Thanks, Nate. In terms of the acceleration more broadly, we feel good about our KPIs. The significant acceleration in our B2B business—more than double in Q1 versus Q4—continued into April. That supports our view of a 30%+ volume number for the back half. The marketplace business is stable to improving, and we launched initiatives to push and inflect that business. The enterprise business has also outperformed expectations and is accelerating; we won new partners last year and those relationships are ramping. Regarding checkout, we discussed the shift to the Stripe solution late last year and planned a migration earlier this year. That migration was operationally complex, and we expected some attrition in the book—some intentional, some anticipated churn. In the end, performance was better than expected. We transitioned more than 90% of the portfolio and did it faster than anticipated. We now have a solid foundation on a solution that works for our customers. The platform has best-in-class features, and we're seeing higher uptake of features such as BNPL within the checkout solution—significantly higher than before. We feel great about the trajectory. We expected a bit of a bump in the road in 2026, but we've performed better than that and remain confident in the opportunity.

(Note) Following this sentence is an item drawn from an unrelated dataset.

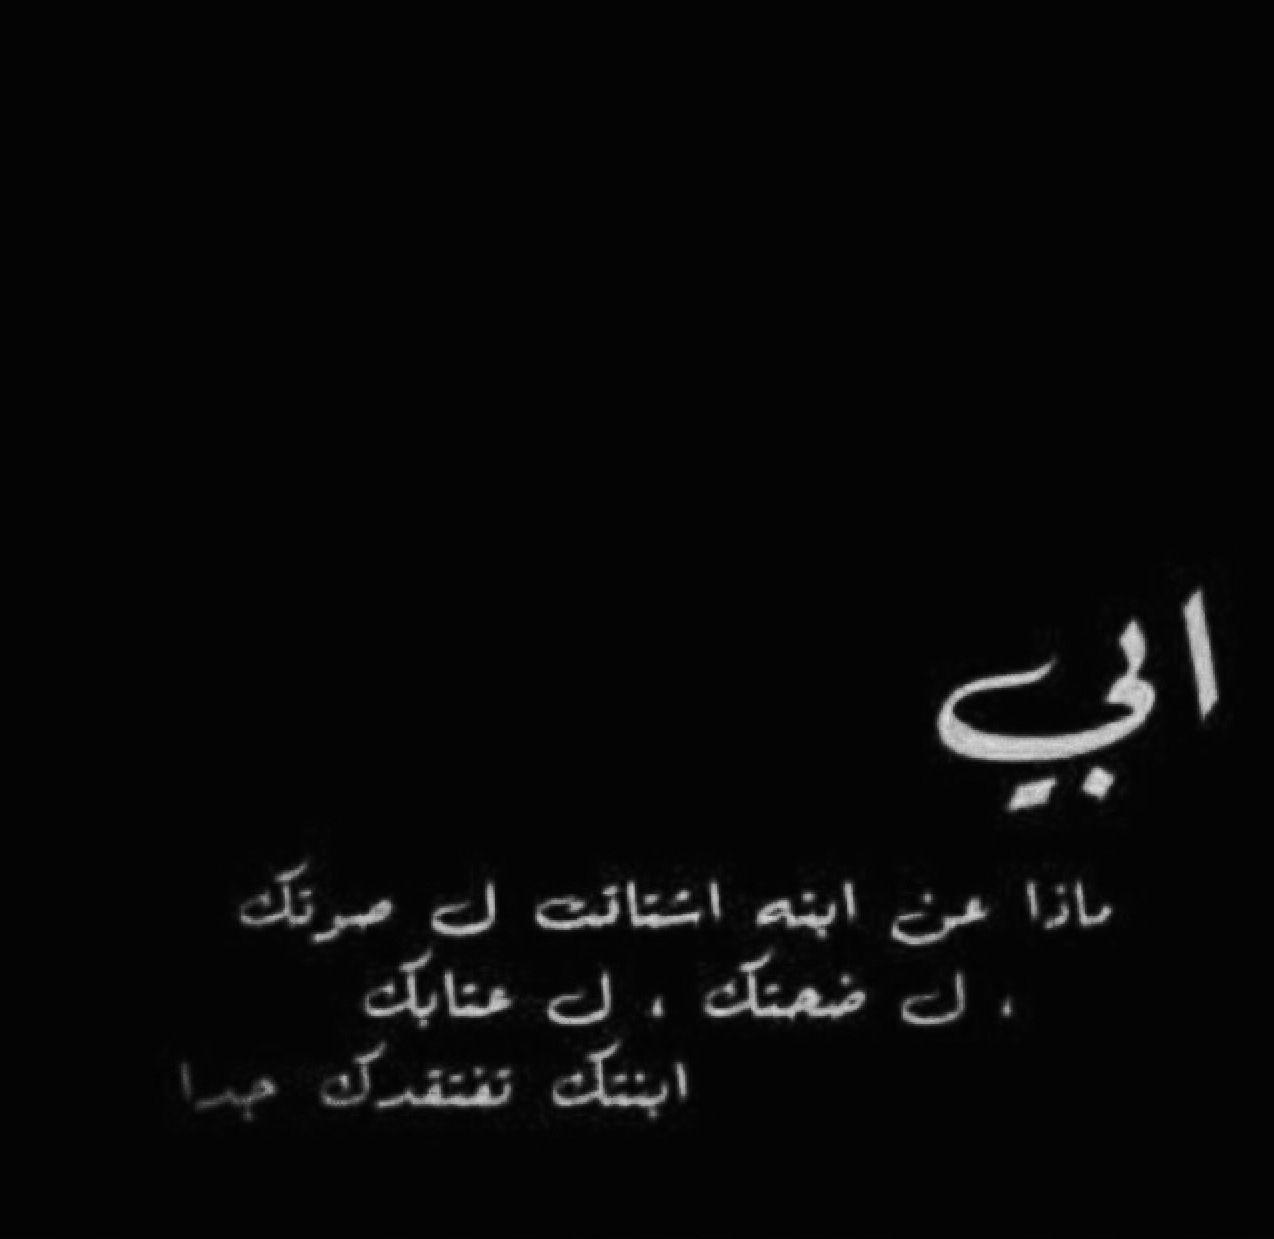 بالصور اشعار عن الاب حزينه , شعر حزين عن الاب 6749 6

I'd add that the checkout migration proves Payoneer's thesis: customers want a multicurrency account where they receive global accounts receivable from marketplaces like Amazon or Walmart, from B2B transactions, and from direct-to-consumer sales, and they want to use a single trusted partner for accounts receivable and accounts payable across sourcing, ad spend, payroll and other needs. That financial stack value proposition is playing out, and the checkout team executed the transition well.
Super helpful and detailed answer. For the follow-up on back-half acceleration: you mentioned easier comps with the tariff dynamics last year, the checkout migration to Stripe, timing of some pricing initiatives, and enterprise wins. On pricing, how long after implementing a pricing increase does it take to flow through the business? Is that part of the back-half acceleration? And on enterprise, are recent wins fully ramped or is there more room to grow with logos you've already won, leaving aside future wins?
Happy to take that. Pricing has been a useful lever and is part of our strategy to align products and pricing to drive share of wallet. The ramp from pricing is a factor but not the primary driver of back-half acceleration. There will be some pricing uplift in the back half, mostly targeting long-tail or nonstrategic routes, and those moves are easier to model and roll out. I wouldn't over-index on pricing; the more important drivers are the performance and momentum across the rest of the business. Regarding enterprise, not all recent wins are fully ramped yet. We expect continued momentum as we ramp additional routes with marquee clients, and those ramps should keep driving volume.
That ends our Q&A session, and we appreciate your participation. I will turn the call back over to John Caplan, CEO, for the closing remarks. Please go ahead.
Thank you, everybody, for your questions and your participation this morning. Our Q1 results demonstrate that our strategy and execution are working, and we're capturing the many opportunities in front of us. We look forward to speaking with you again in August. Thanks, everyone.
Ladies and gentlemen, that concludes today's call. Thank you all for joining. You may now disconnect.